#### Work order
What is needed is a word-for-word transcript of the listing, free of pictures.

━━━ Data below ━━━

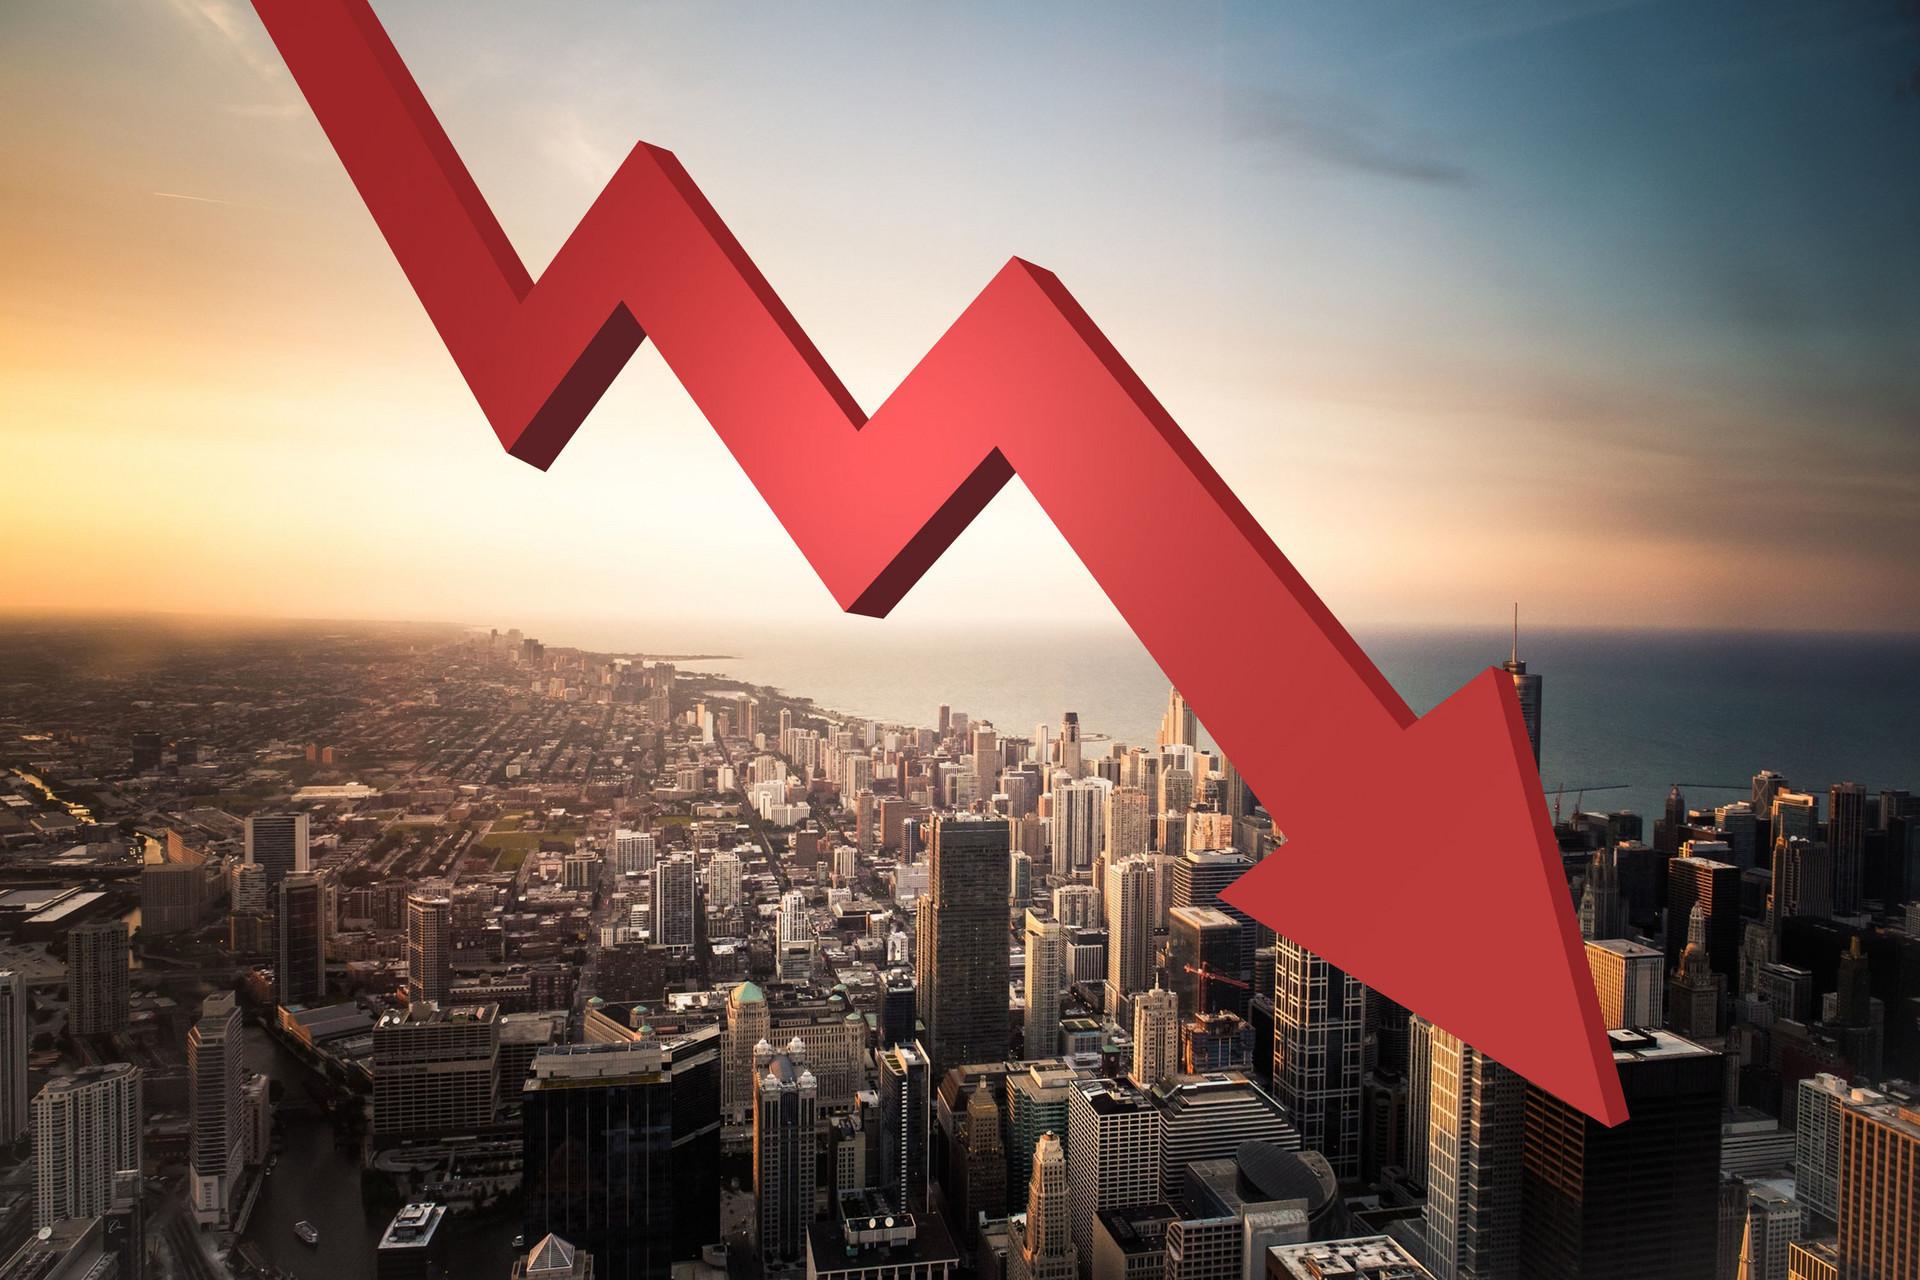 房企评级扎堆下调,困局之下市场迎来新的走向
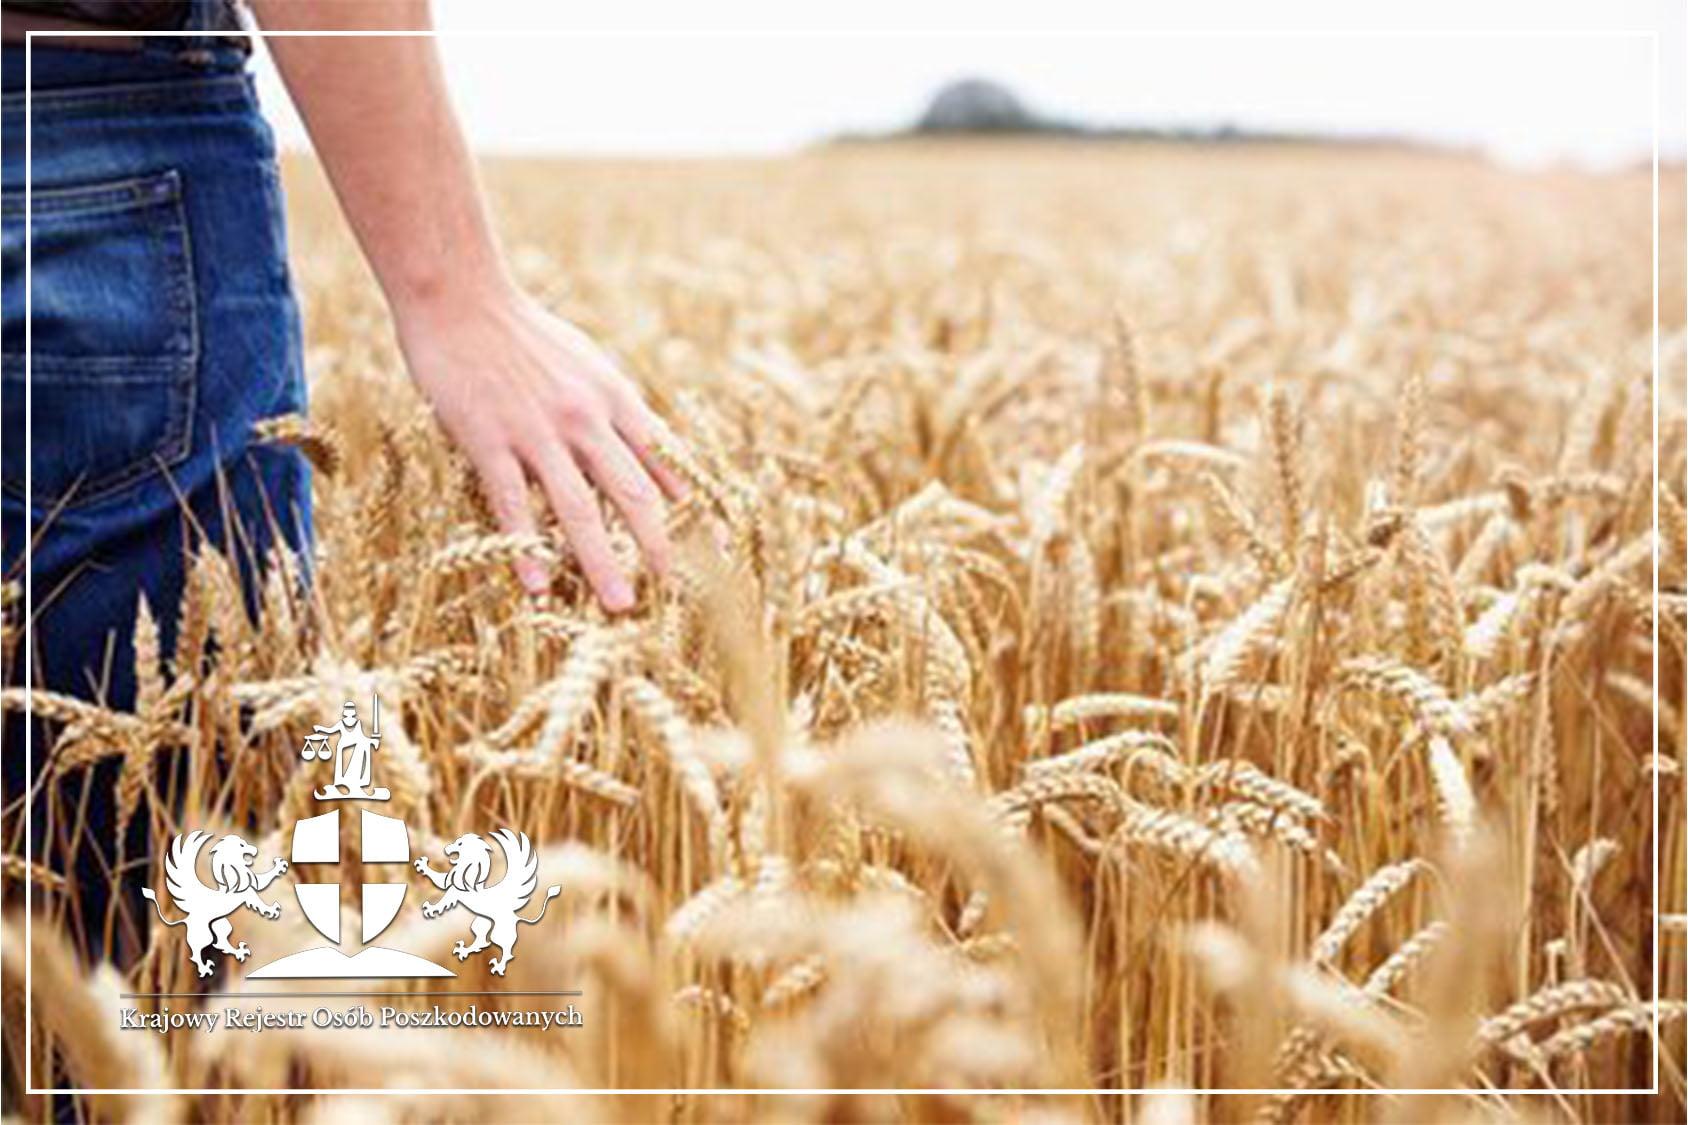 Wypadek rolnika w jego gospodarstwie – kto wypłaci odszkodowanie
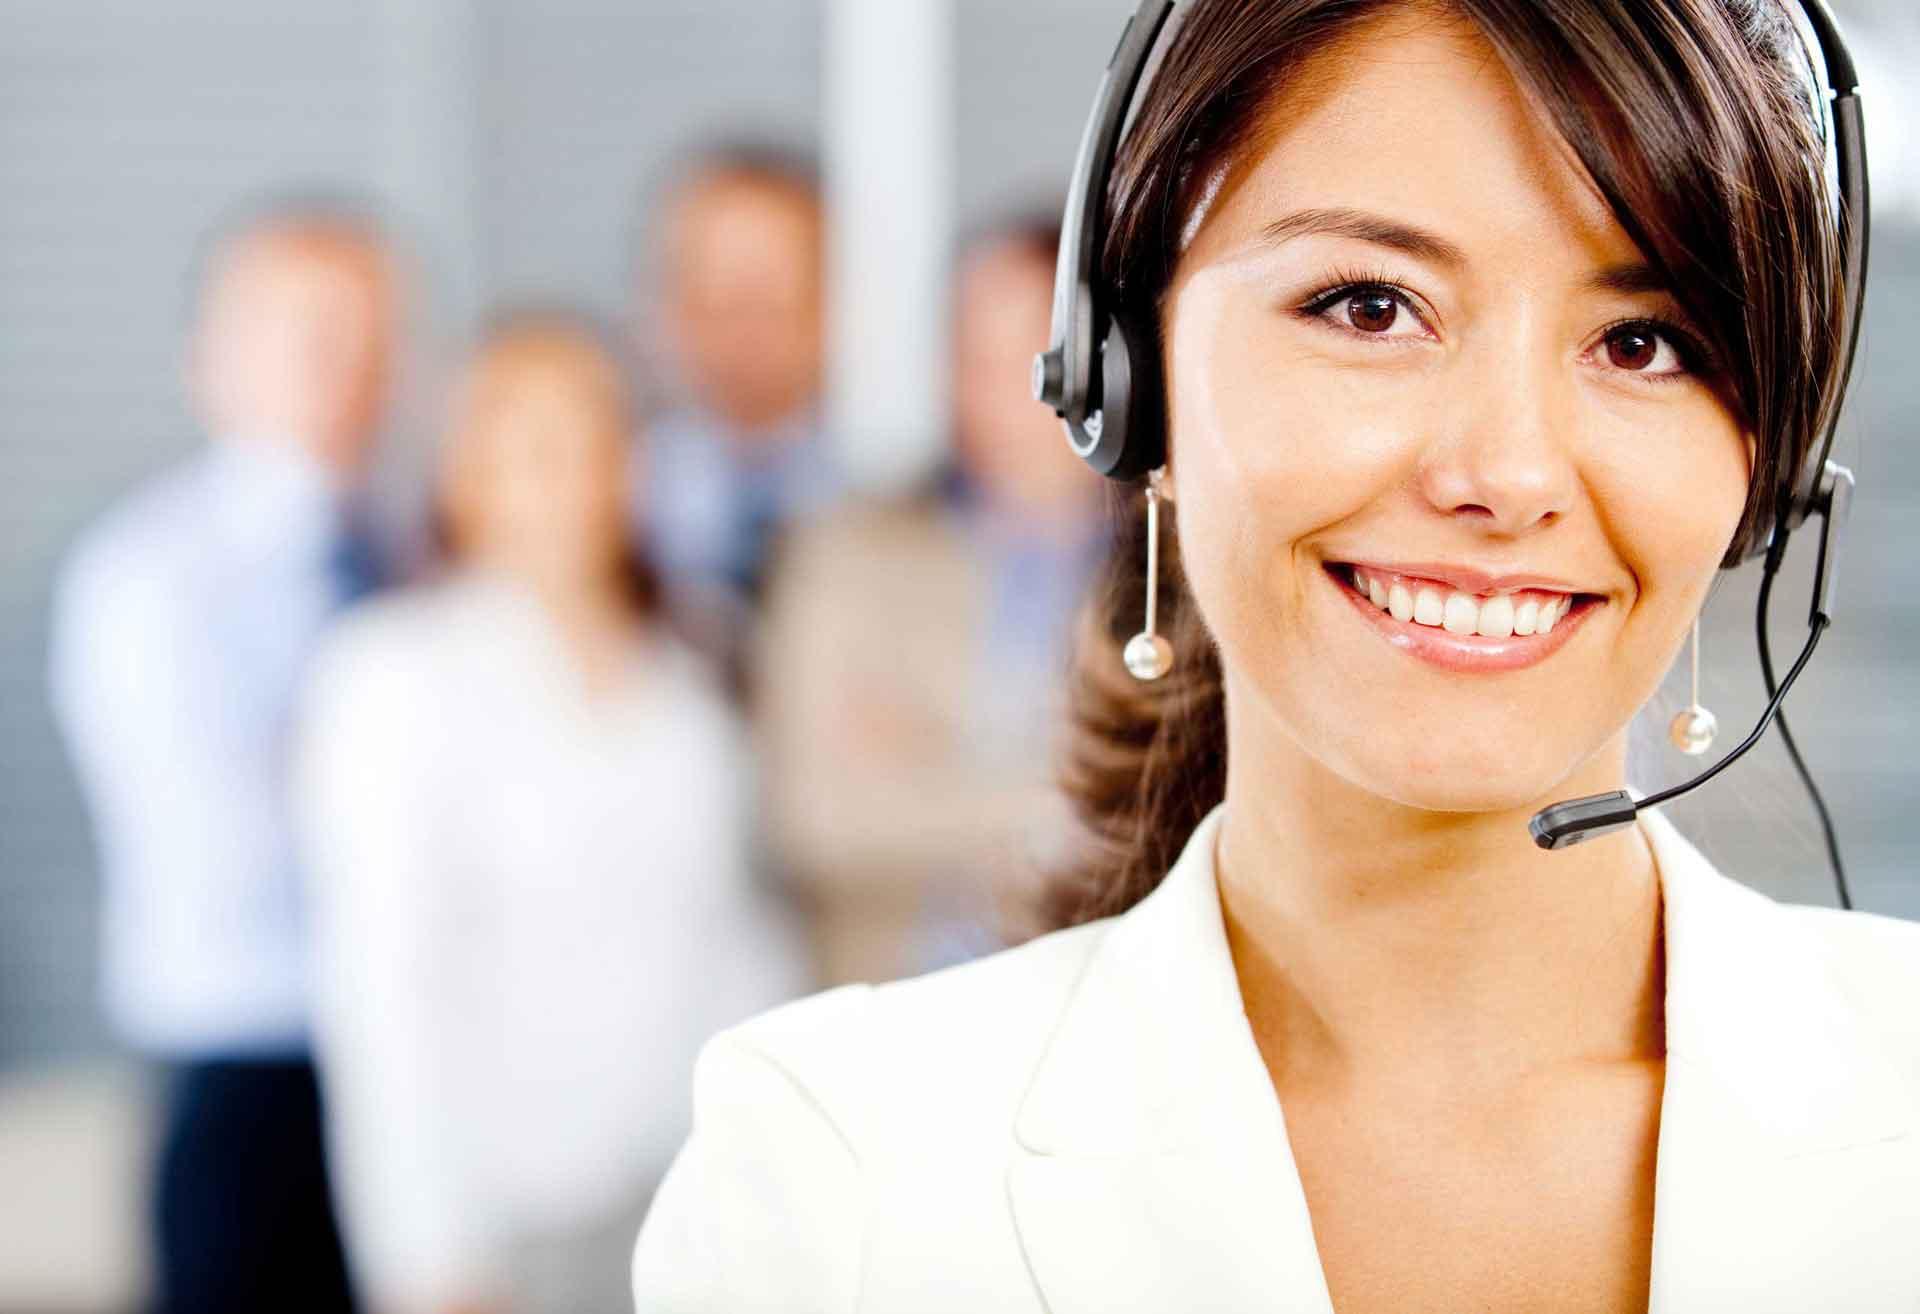 Spécialiste de l'accueil téléphonique et de la relation client

━━━

#### Written answer
 房企评级扎堆下调,困局之下市场迎来新的走向
 Wypadek rolnika w jego gospodarstwie – kto wypłaci odszkodowanie
 Spécialiste de l'accueil téléphonique et de la relation client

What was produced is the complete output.